**Exercise brief**
Take the entries below and print, exactly, the stretch from the line containing "Виктория Ушканова, Marina, 1" through the line containing "白で統一された11.2畳のワ", both included.

**Supplied data**
• • •

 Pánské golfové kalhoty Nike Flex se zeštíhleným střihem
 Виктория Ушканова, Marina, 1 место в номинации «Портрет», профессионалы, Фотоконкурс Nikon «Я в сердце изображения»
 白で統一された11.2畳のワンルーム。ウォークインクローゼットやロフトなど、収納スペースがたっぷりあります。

• • •

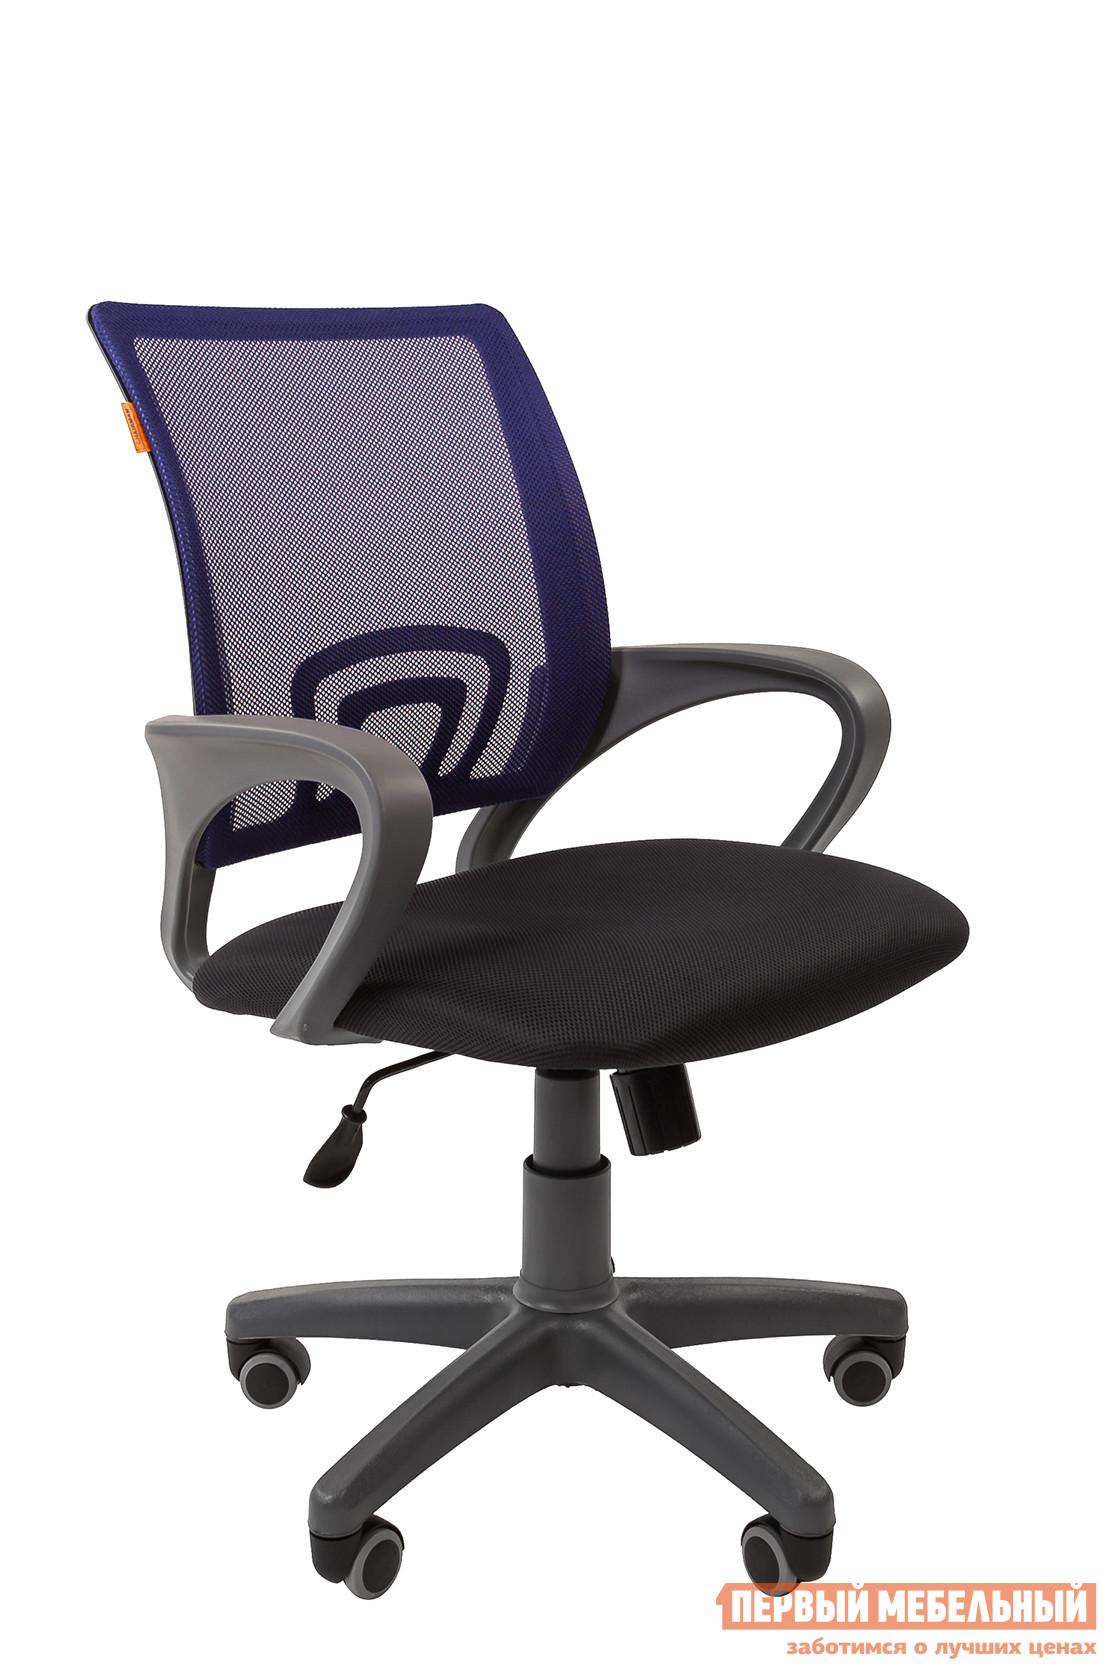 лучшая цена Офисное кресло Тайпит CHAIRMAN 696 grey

• • •

**Answer section**
 Виктория Ушканова, Marina, 1 место в номинации «Портрет», профессионалы, Фотоконкурс Nikon «Я в сердце изображения»
 白で統一された11.2畳のワンルーム。ウォークインクローゼットやロフトなど、収納スペースがたっぷりあります。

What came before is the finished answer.